If you invest in mutual funds, it is essential that you understand the associated costs. There are a variety of costs associated with mutual fund investments, which shave off a few percentage points off the investment’s returns. Knowing about these costs is critical to your long-term wealth creation. Not knowing them could mean that you miss your investment goals by wide margins.
Let’s take a look at them, and also understand how the arrival of the Goods and Services Tax will impact these costs.
Every fund mentions its Total Expense Ratio. This is a sum of all expenses incurred towards fund management, brokerage, auditing, operational requirement etc. Essentially, this is your payment to the asset management company to buy, hold, and sell securities on your behalf.
Most varieties of mutual funds impose a charge to discourage investors from making premature redemptions of their units. The quantum of this load, and the tenure for which it is applicable, will be mentioned in the investment scheme document.
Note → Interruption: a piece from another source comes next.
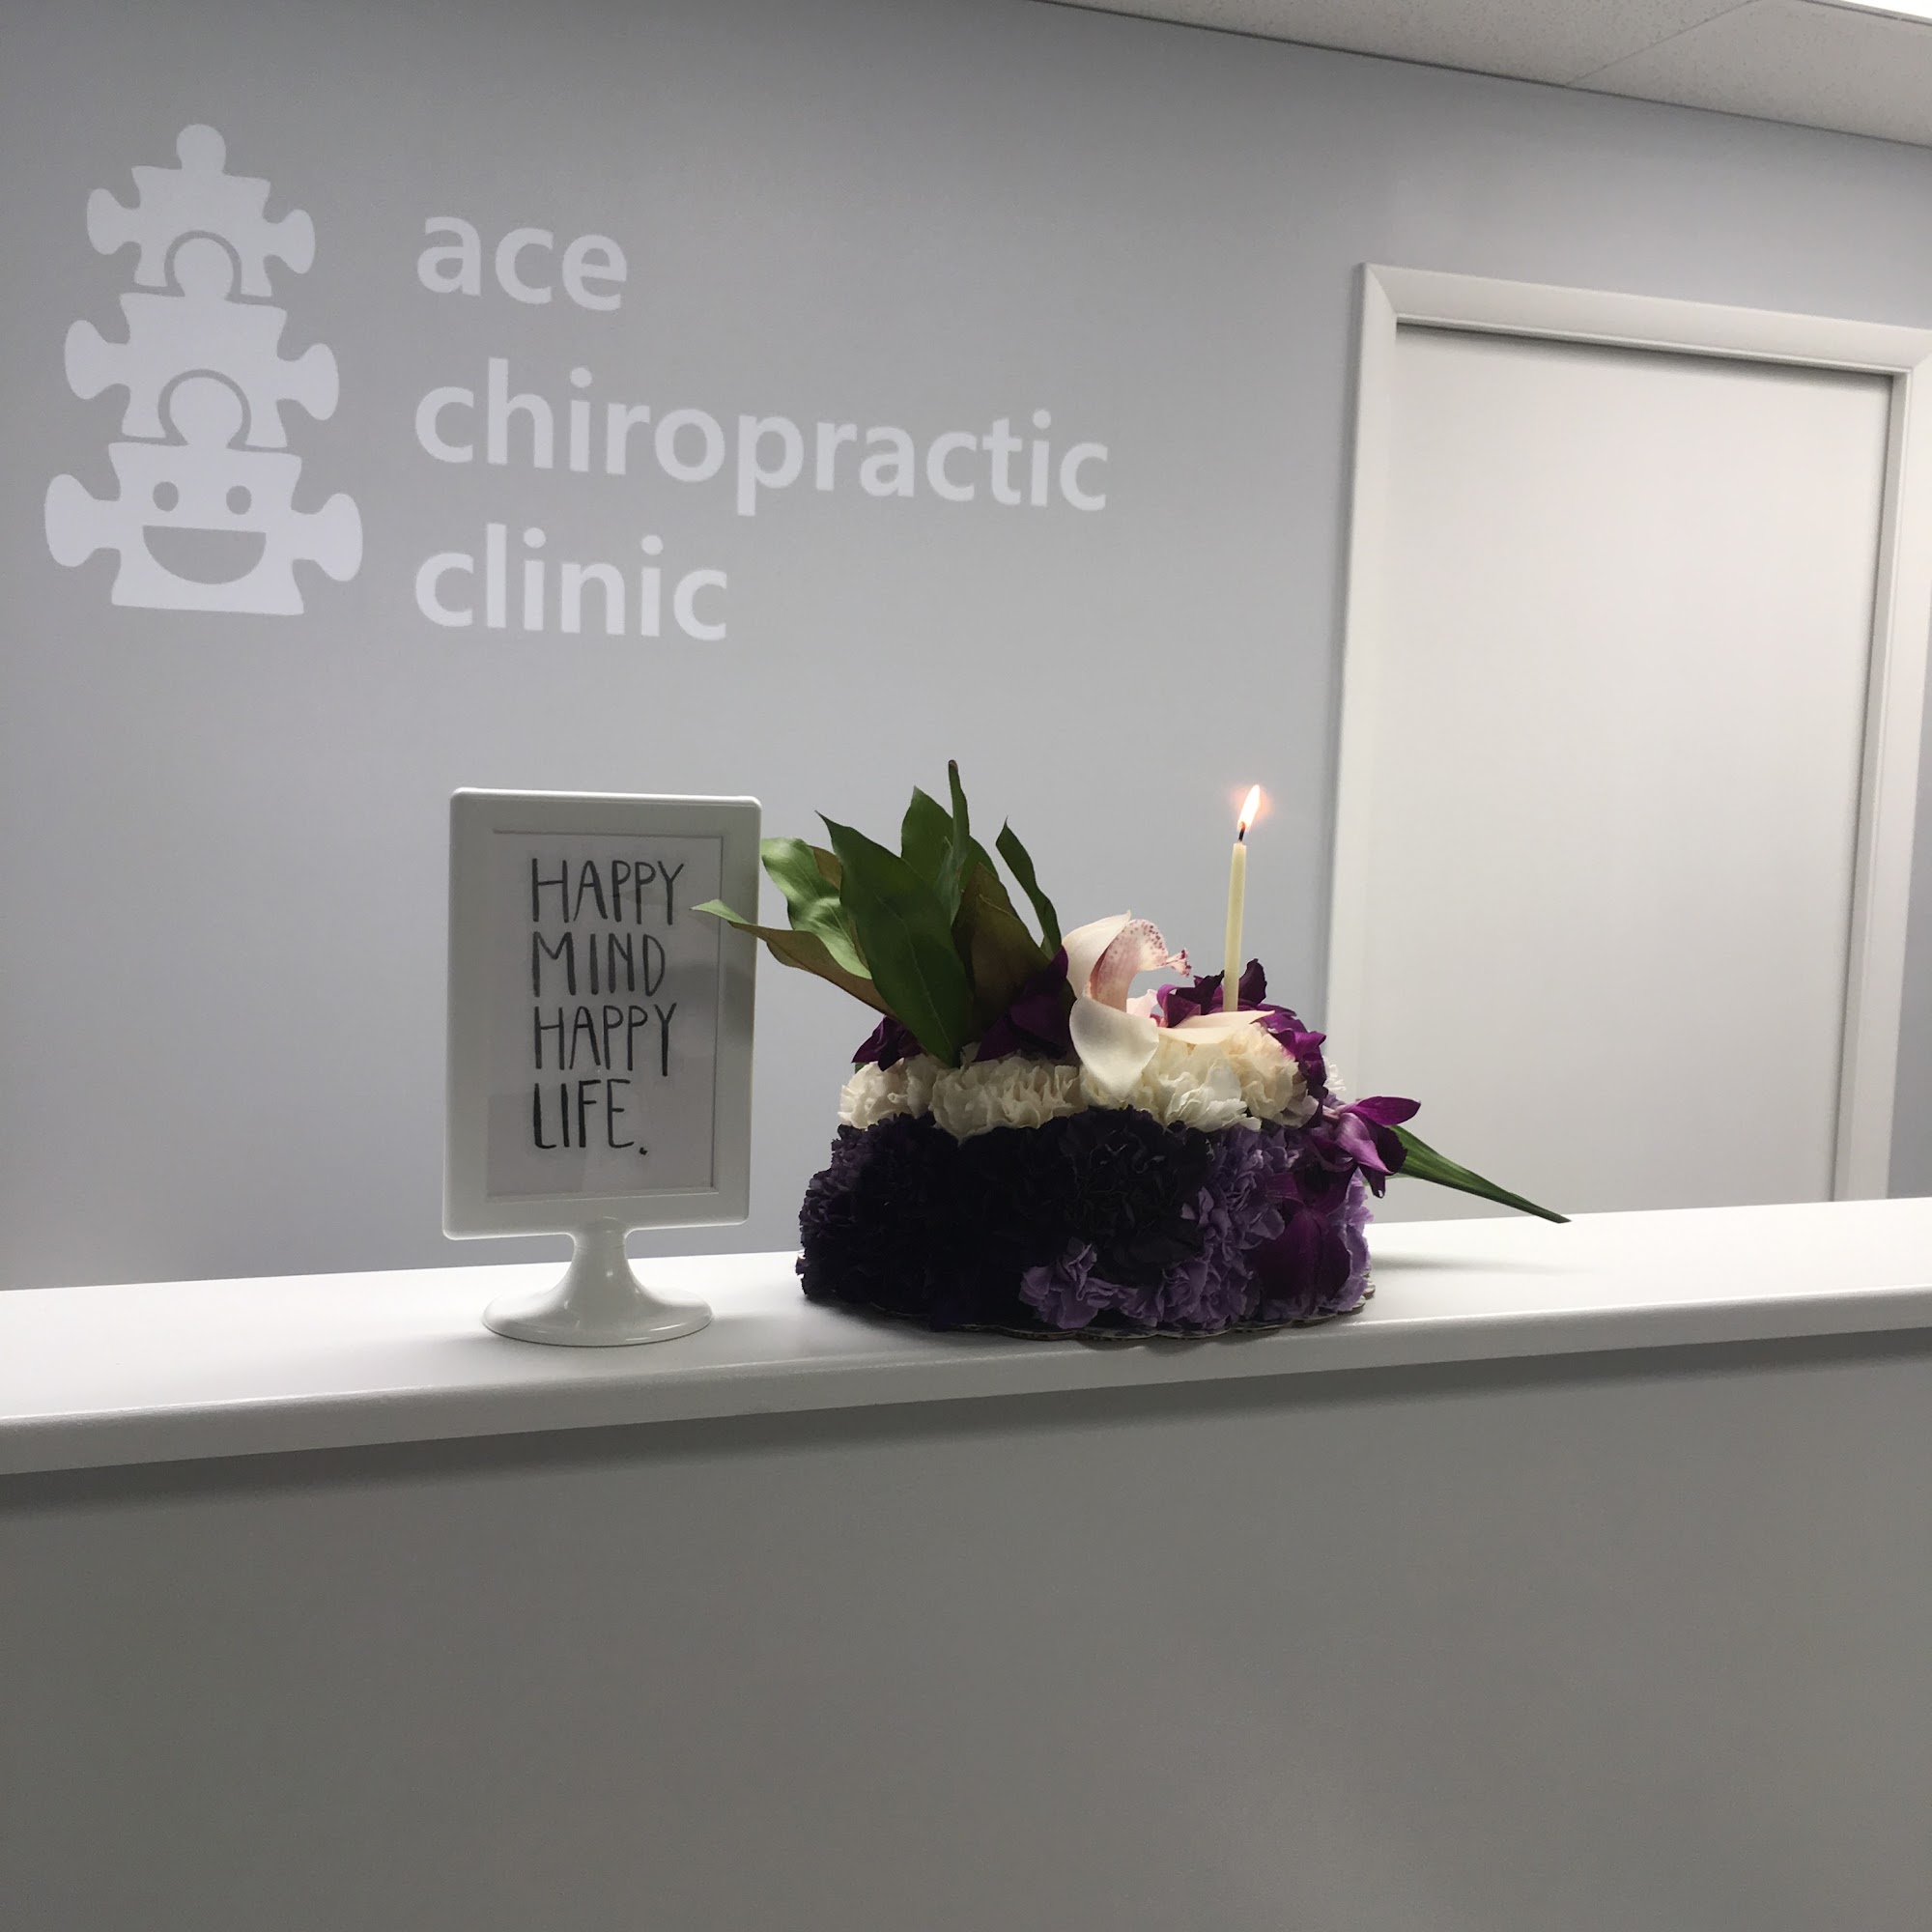 Ace Chiropractic Clinic

GST Impact on Mutual Funds
Investing in mutual funds is going to get slightly more expensive with the arrival of GST. Currently, the expense ratio for mutual funds usually varies between 1.25% and 2.75%. With the revised GST rates, this would increase by 4-7 basis points. This is a marginal increase and investors need not worry about it at the moment.
Why You Must Pay Attention to Costs
You need to research the costs of your investments well in order to understand your benefits accurately. Even a small difference of just 0.5% in your costs could mean a lot of money out of your pocket in the long term.